## [WORK INSTRUCTIONS]
Would you please return the lines of the entries below starting at the line that has "Colloque Didachè à Orléans le 29 et 30 Avril" and ending at the line that has "PRESENTASI KEWIRAUSAHAAN Rosidi", both included, exactly as they are?

RECORDS SUPPLIED START

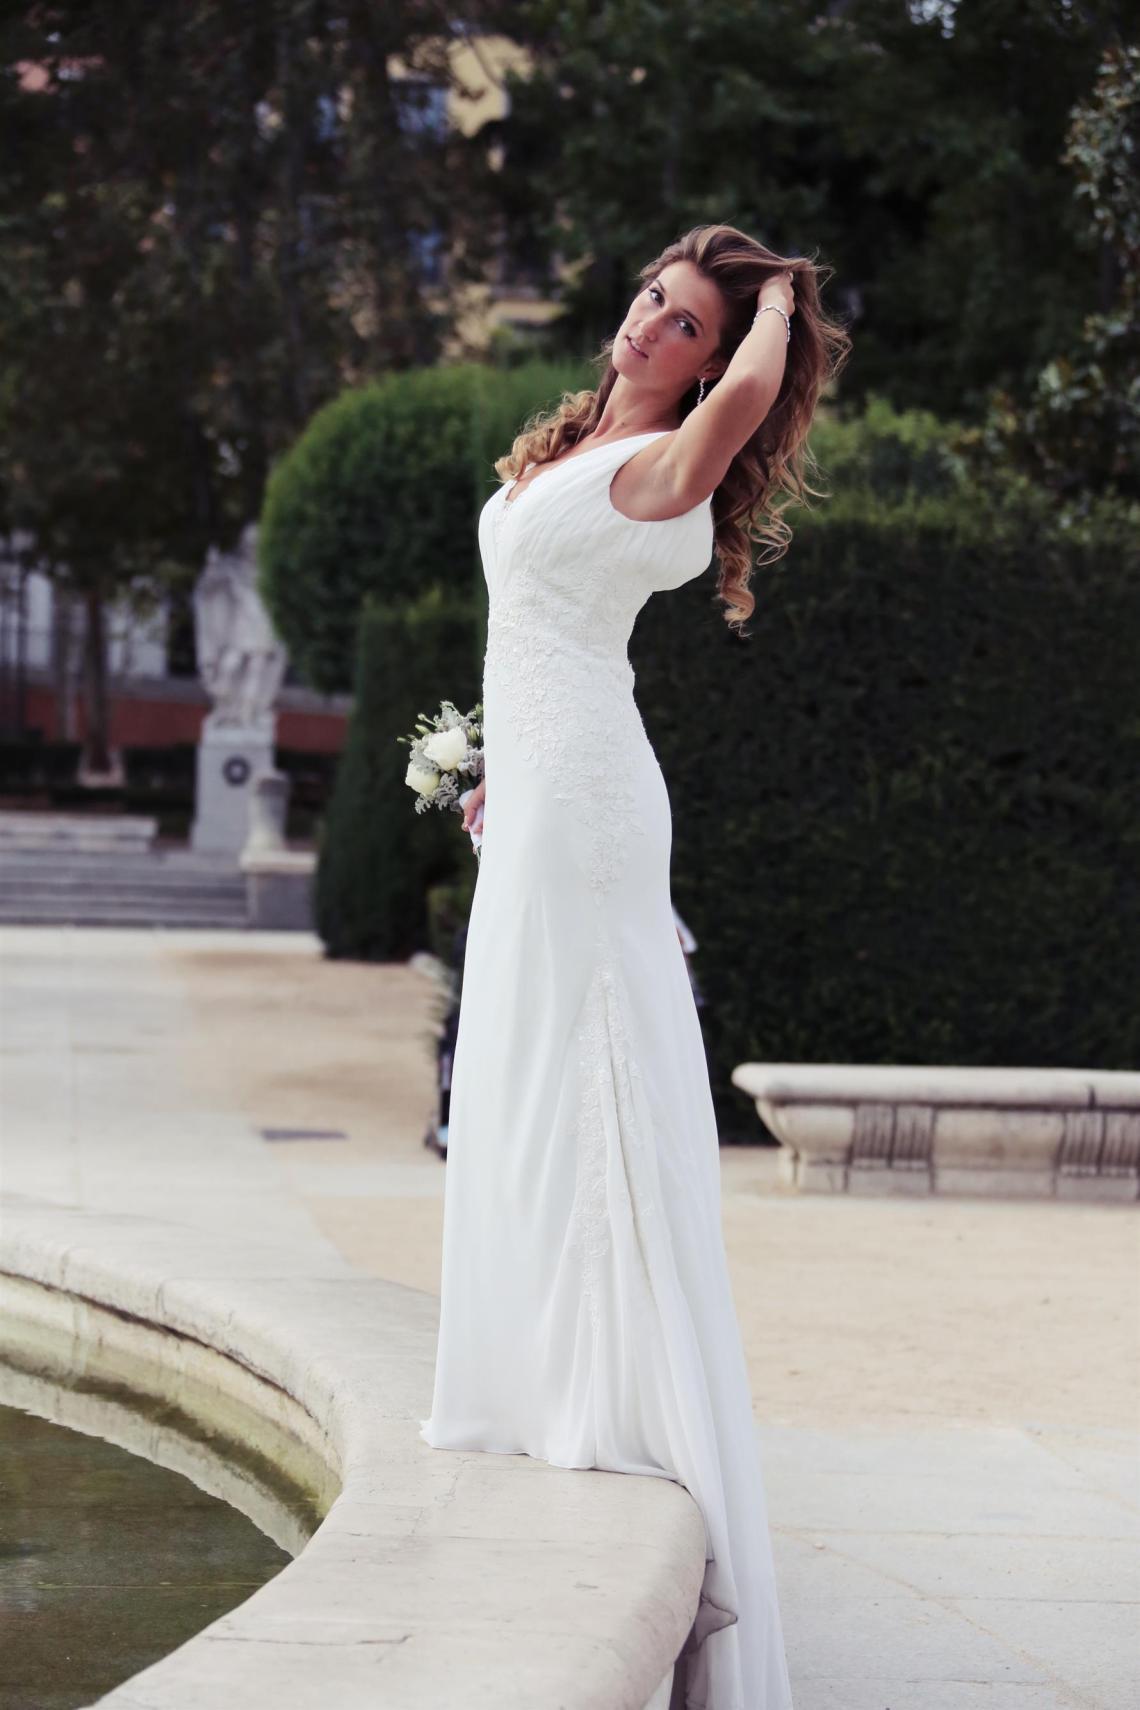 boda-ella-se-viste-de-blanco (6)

RECORDS SUPPLIED END
RECORDS SUPPLIED START

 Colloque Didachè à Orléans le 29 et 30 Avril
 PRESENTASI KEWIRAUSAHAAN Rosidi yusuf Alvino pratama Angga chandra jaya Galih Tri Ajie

RECORDS SUPPLIED END

## [YOUR SOLUTION]
 Colloque Didachè à Orléans le 29 et 30 Avril
 PRESENTASI KEWIRAUSAHAAN Rosidi yusuf Alvino pratama Angga chandra jaya Galih Tri Ajie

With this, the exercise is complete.